### What the task asks
Look through the records below for the line holding "El logotipo de". Write it out exactly, with each following line through the line holding "Bandeira Pequim 2022".

### Data listing

###

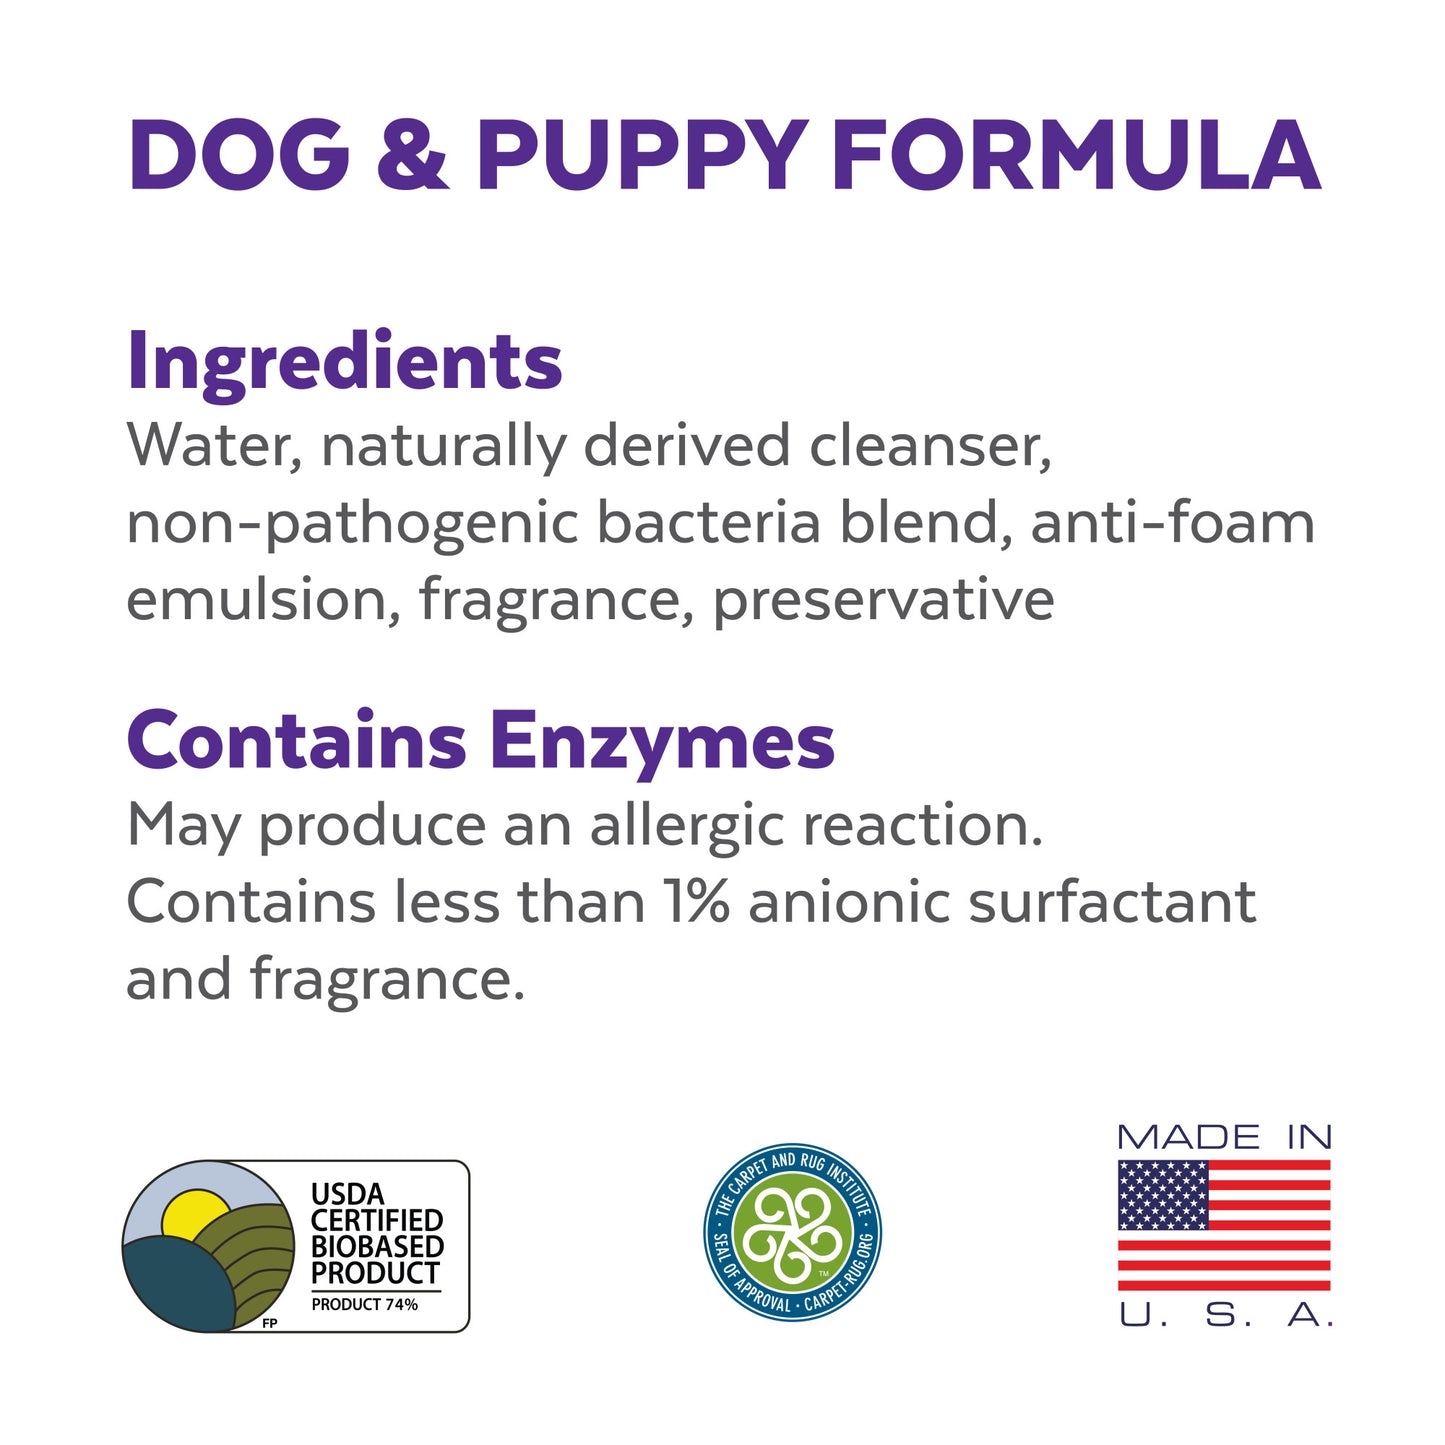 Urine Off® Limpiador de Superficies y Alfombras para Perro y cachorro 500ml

###

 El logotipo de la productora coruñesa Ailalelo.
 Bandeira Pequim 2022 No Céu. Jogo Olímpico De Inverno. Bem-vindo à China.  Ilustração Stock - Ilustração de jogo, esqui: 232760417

###

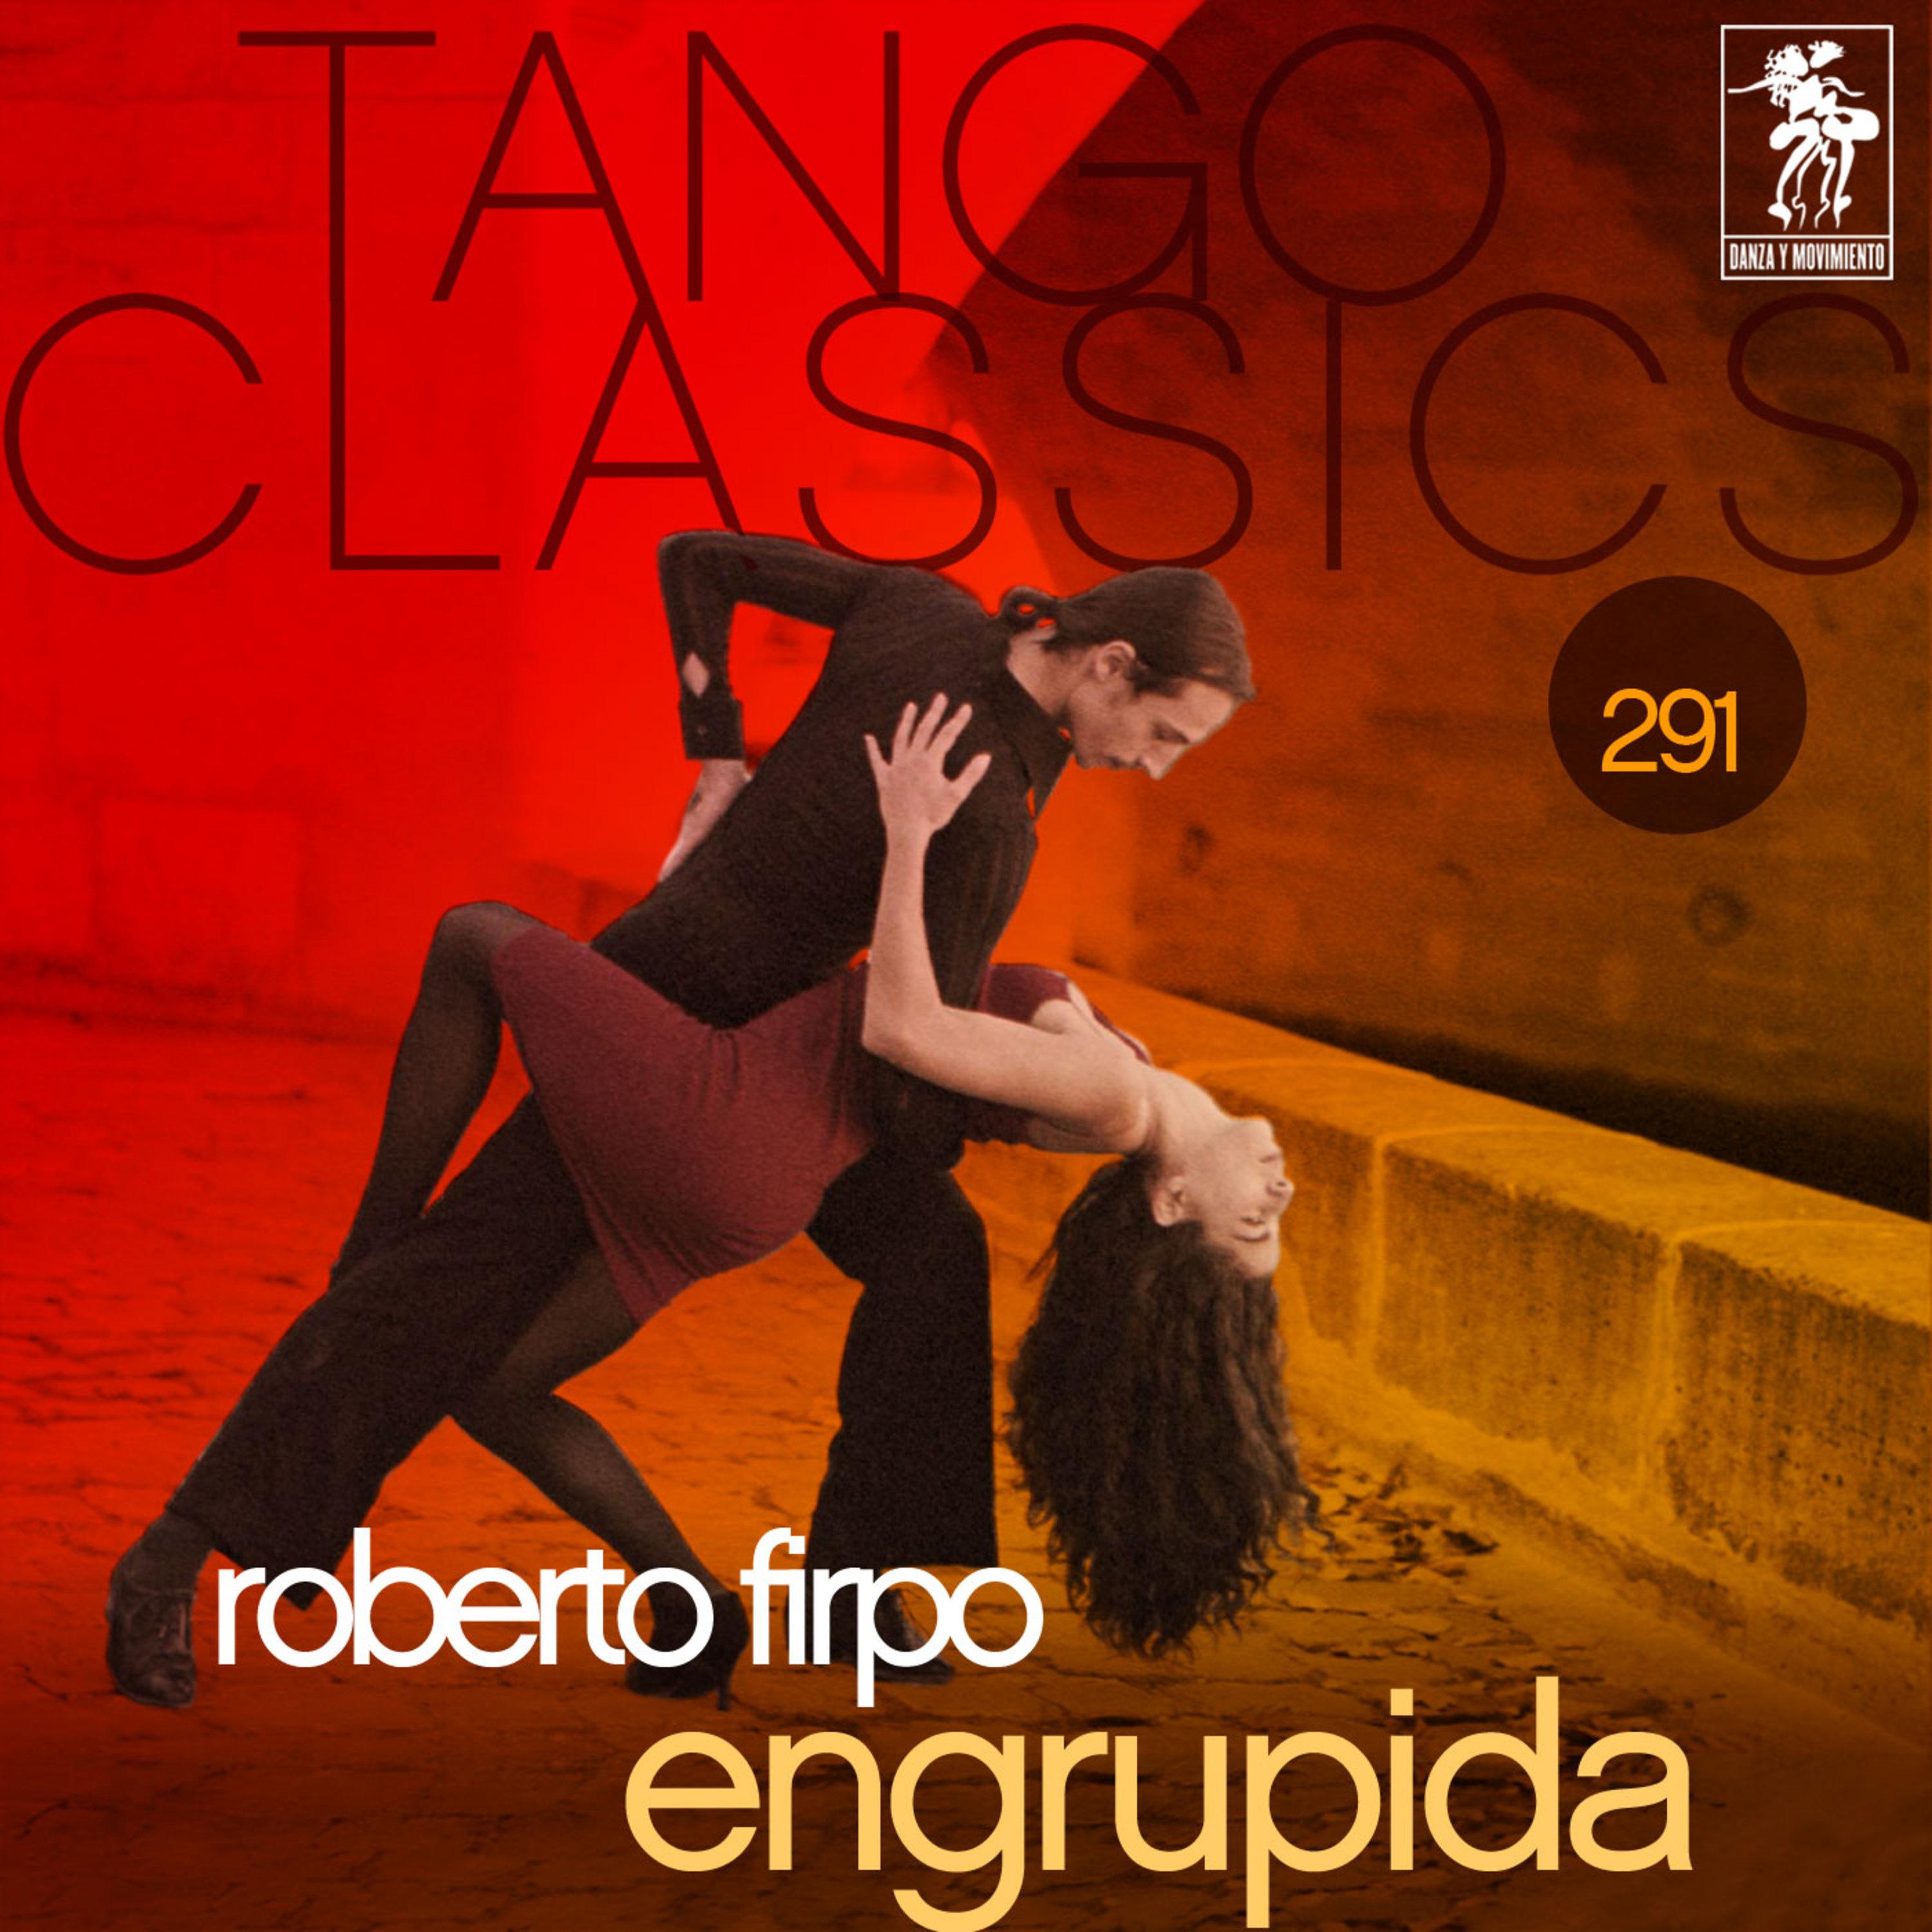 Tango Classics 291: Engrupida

###

### Finished exercise
 El logotipo de la productora coruñesa Ailalelo.
 Bandeira Pequim 2022 No Céu. Jogo Olímpico De Inverno. Bem-vindo à China.  Ilustração Stock - Ilustração de jogo, esqui: 232760417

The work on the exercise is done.